In this context, the advantages of negotiating a peace deal between the RSF and the SAF based on the current military reality are obvious. Sudan, as it was before April 2023, barely functioned as a state; after the battering of the past three years, it is almost inconceivable that it can ever do so again, under either civilian or military rule. Darfur might be landlocked, but the RSF might well sign a peace deal divvying up the country because the militia would keep most of Sudan’s goldfields, which are in Darfur — the source of most of the RSF’s wealth and power. And to accept such a deal, the SAF would keep its suzerainty over Port Sudan, and maybe come to some power-sharing agreement in Khartoum.
A bit of hyper-transactional, bullying Trumpian diplomacy could probably work this through; Trump, anyway, is the only person who can force the UAE to end its support for the RSF, thereby dissuading Hemedti from fighting on. Nudged by his Saudi allies, Trump publicly stated this week that he will now work for a peace deal in Sudan.
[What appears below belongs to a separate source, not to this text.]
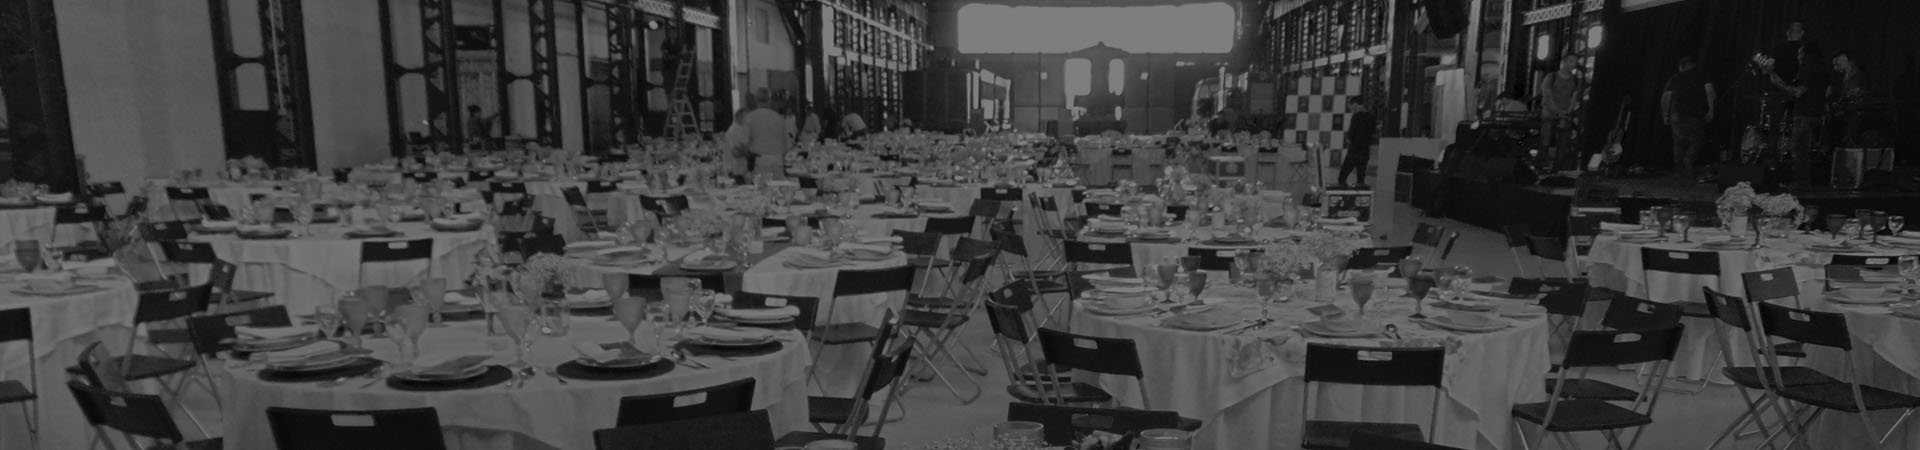 Photographie de Oficinas do Vapor avec tables et chaises préparées pour accueillir un banquet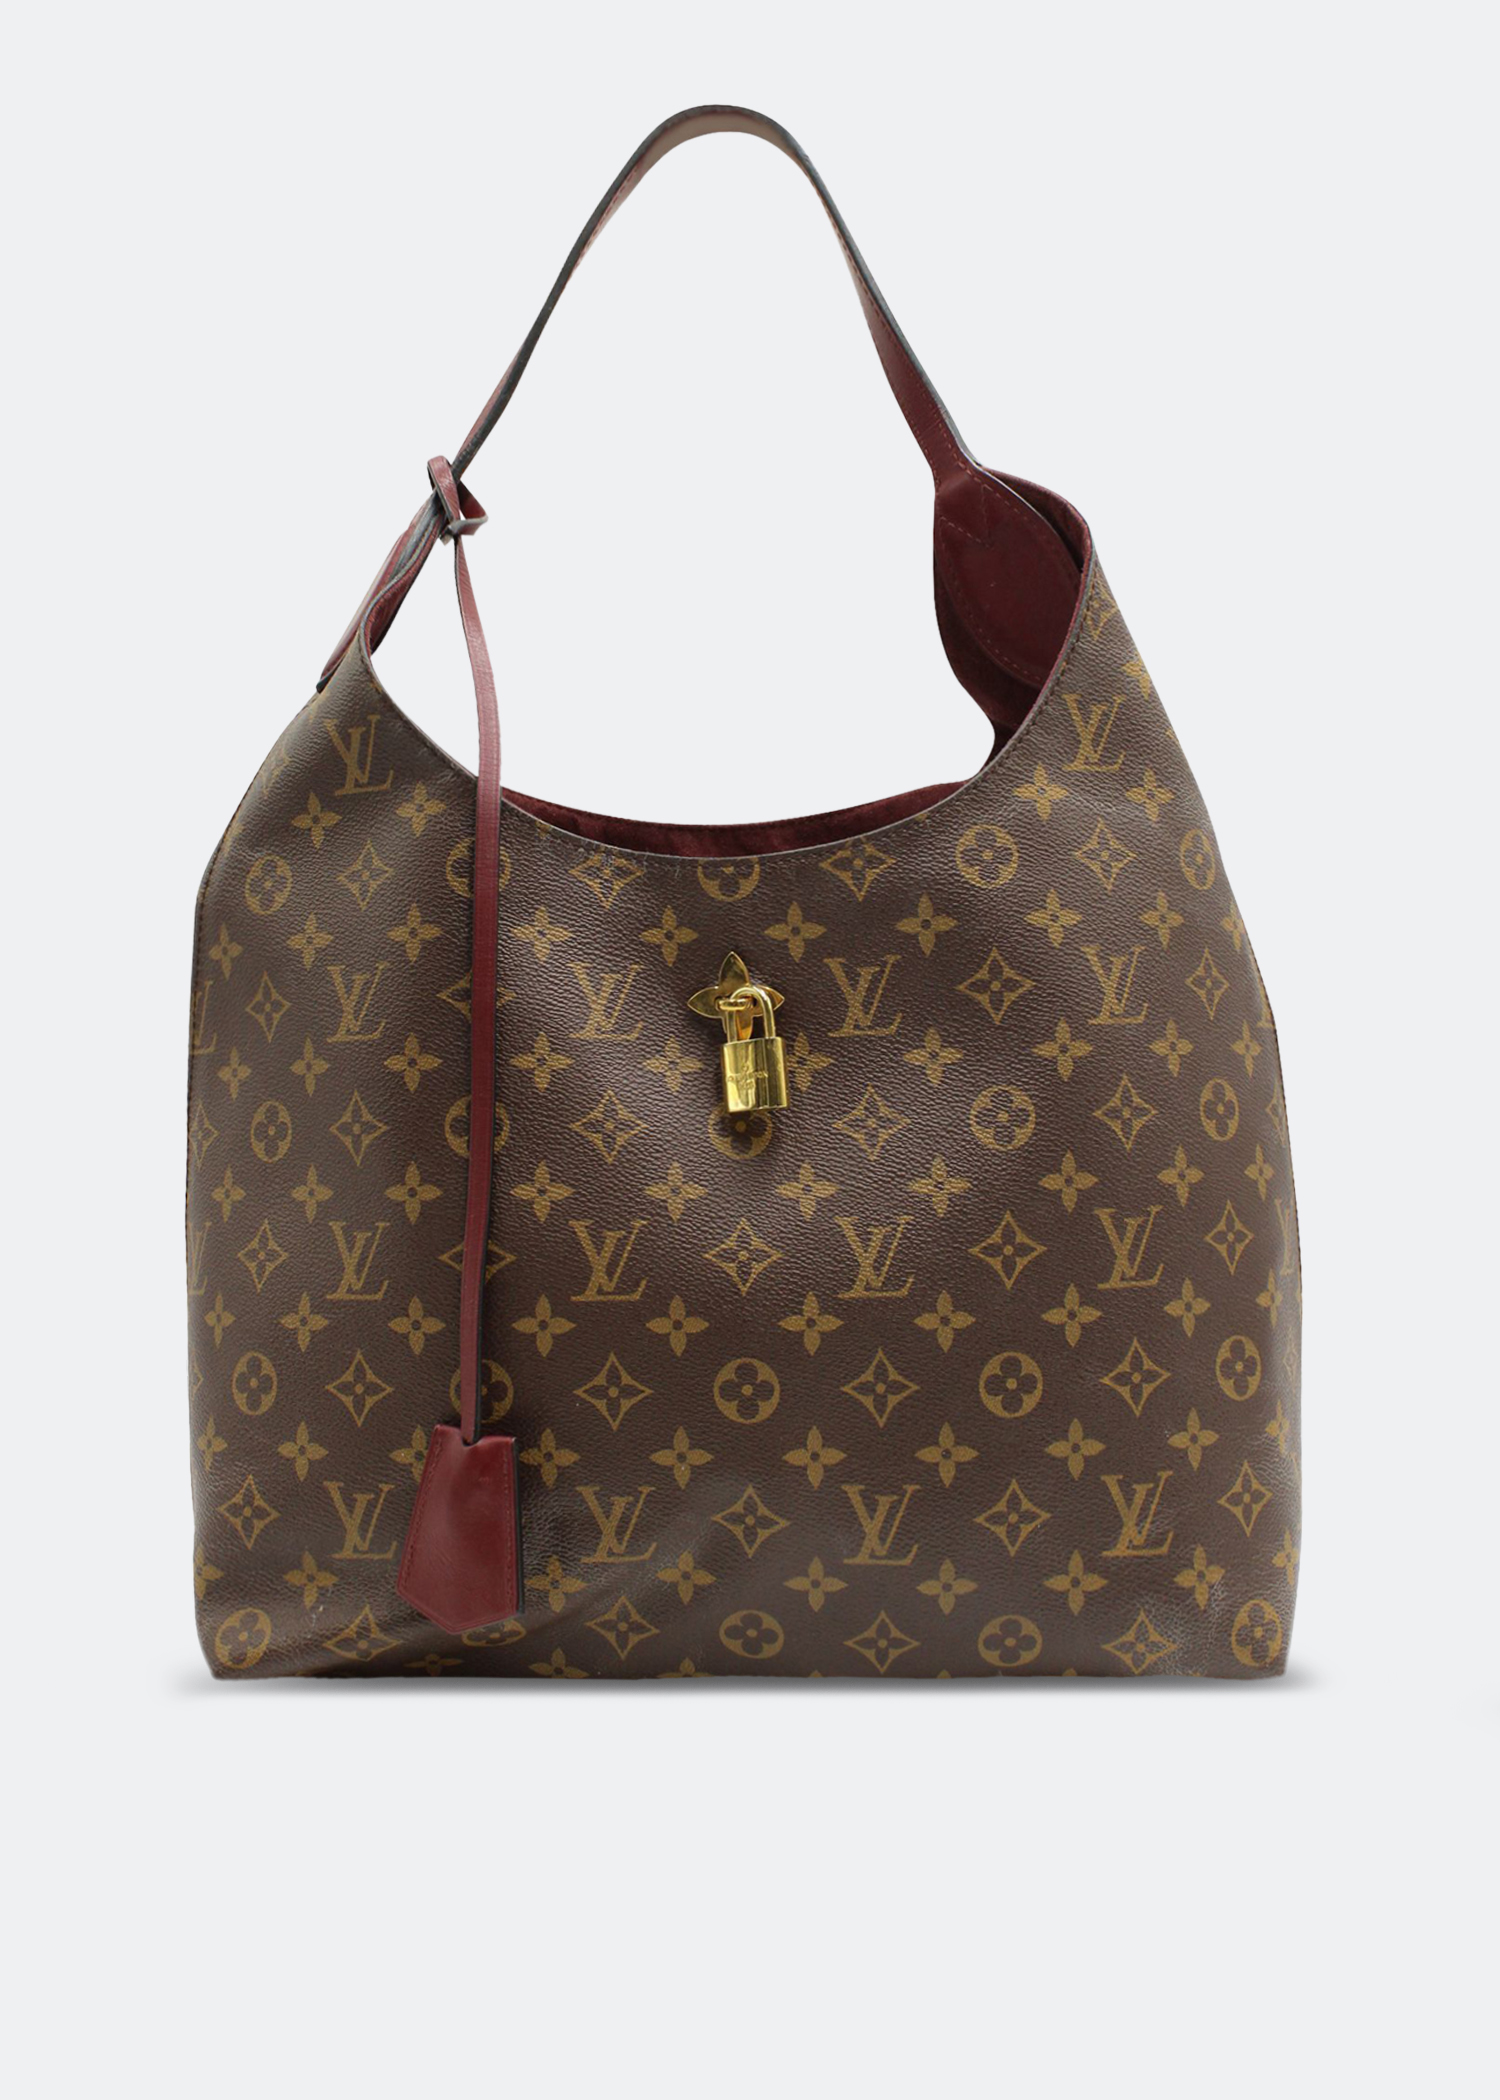 Louis Vuitton Pre-Loved Monogram Hobo Flower bag for Women - Brown

The downside of such a deal, of course, is that it would leave the warlords, war criminals and kleptocrats firmly in charge, on both sides, pushing the dreams of a return to civilian rule even further down the line. For now, though, that might be the temporary price to pay for an end to the agony of Sudan. UN humanitarian aid to a desperate Sudanese population can get through, but the aid programmes are desperately under-funded. Any peace deal would restore some hope that such aid won’t just be pilfered, wasted or manipulated by either side for political advantage.